А Россия сейчас — это империя?

— Нет. Быть империей — значит быть безусловно великой державой. Россия сейчас точно не первой степени великая держава. В полном историческом смысле в теперешнем мире нет империй. Даже США как безусловно мощная сила — не империя в традиционном понимании, на мой взгляд.

Вы произносите слово «империя» с явной симпатией.
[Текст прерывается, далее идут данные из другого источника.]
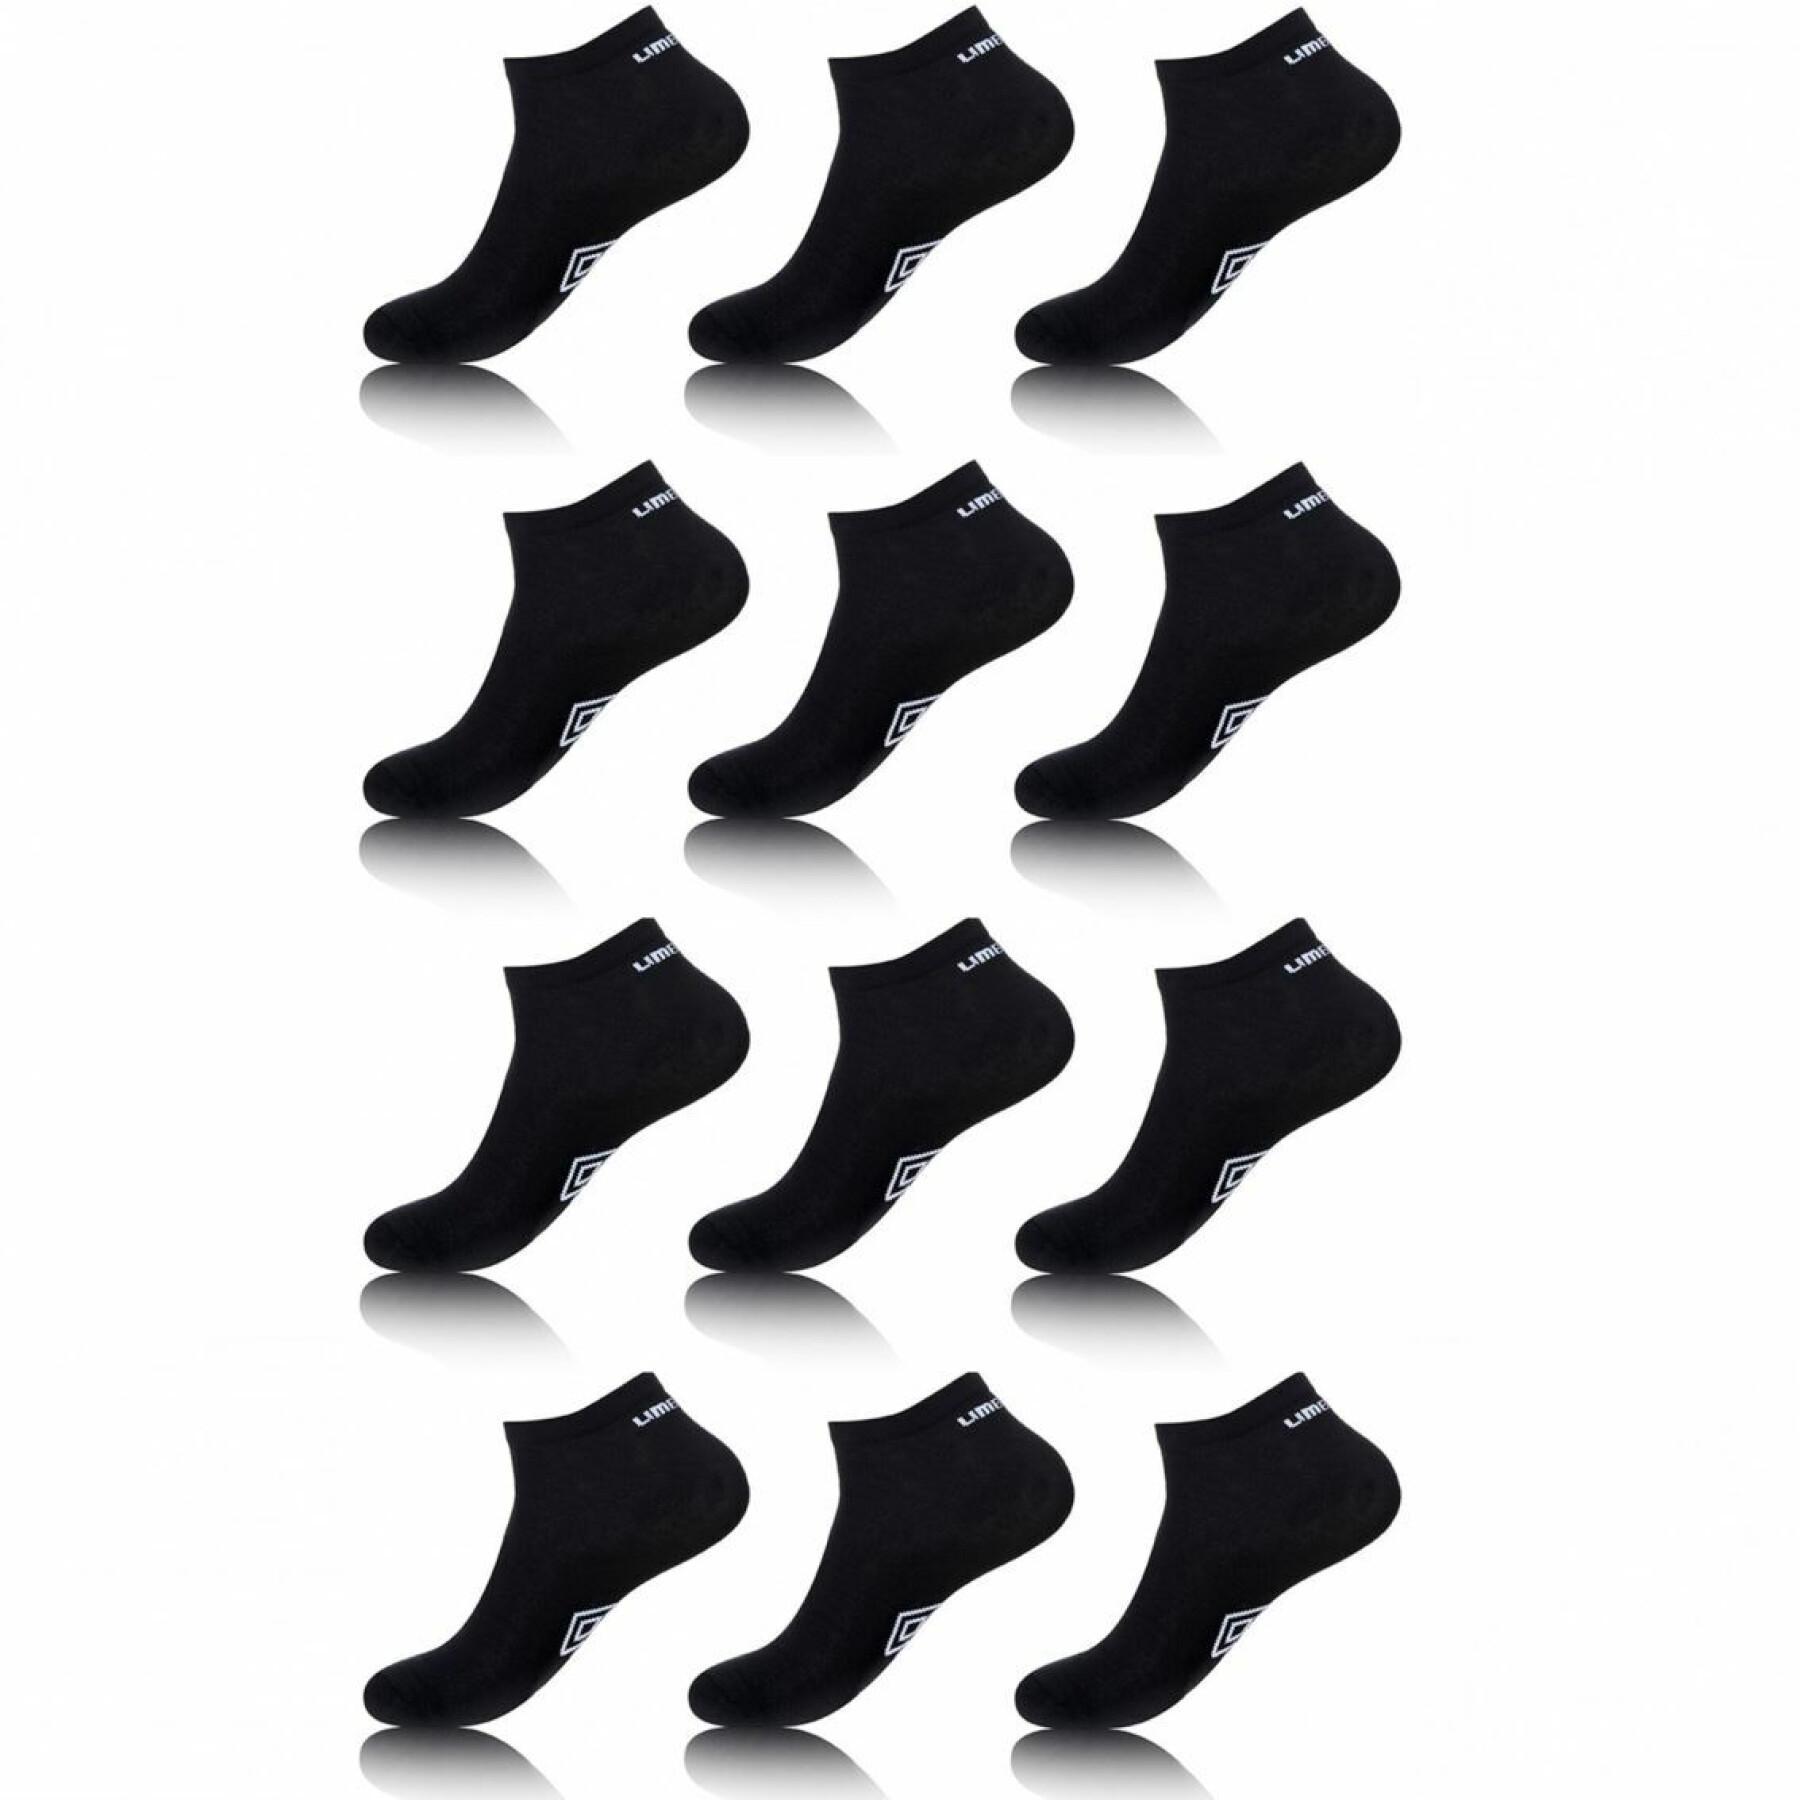 Lot of 12 pairs of socks Umbro

— Конечно! Это вообще неправильно говорить, что империи всегда были злые и они хуже, чем другие политические системы, совсем наоборот. Они не только создали великие цивилизации, но дали прочность широким районам мира, обеспечили рост экономических и духовных связей между разными областями планеты. Вы знаете, я не против демократии. В общем, это самая лучшая система для современного государства. Но все–таки нужно сказать: во многом самые демократические страны в мире в XIX веке являлись очень демократическими для колонизаторов, но очень часто хуже относились к «не белым». Это не стоит забывать.

Глава Эрмитажа Михаил Пиотровский с гордостью говорит, что Дворцовая площадь — сердце империи, а Эрмитаж — имперский музей, показывающий сосуществование разных культур.

— Именно так! Мой отец был начальником русской службы BBC, и как–то у нас был Солженицын. Он спросил моего отца, почему тот стал реже выходить в эфир сам. На что мой отец ответил, что он стесняется это делать, поскольку современным русским его произношение и использование слов покажутся снобистскими и устаревшими — «запахом Зимнего дворца», как он выразился. На что Солженицын ответил, что запах Зимнего дворца намного лучше, чем запах Кремля.

Показательное сравнение. С ним согласятся многие ностальгирующие по России, «которую мы потеряли». Российскую империю оплакивать не менее модно, чем Советский Союз, рассуждая — предрешено ли было ее падение.

— Это бесконечный разговор. Я лично никогда не видел возможности мирного перехода от империи к демократии в России. Занимаясь сравнительной историей, смотря глобальный контекст, иначе все воспринимаешь. Не через разговоры — «вовремя ли убили Распутина» — это полная чушь. Давайте лучше посмотрим на то, сколько империй, главенствовавших в мире накануне Первой мировой, ее пережили. При этом Российская империя была периферией Европы. Взгляните на судьбу других членов этого «второго» мира: балканских стран, Испании, Италии — почему у них не получилось без потрясений войти в ХХ век, а у России с ее колоссальными противоречиями это бы вышло? Вообще, весь этот спор не о прошлом, конечно. Он отражает реалии того времени, когда он ведется.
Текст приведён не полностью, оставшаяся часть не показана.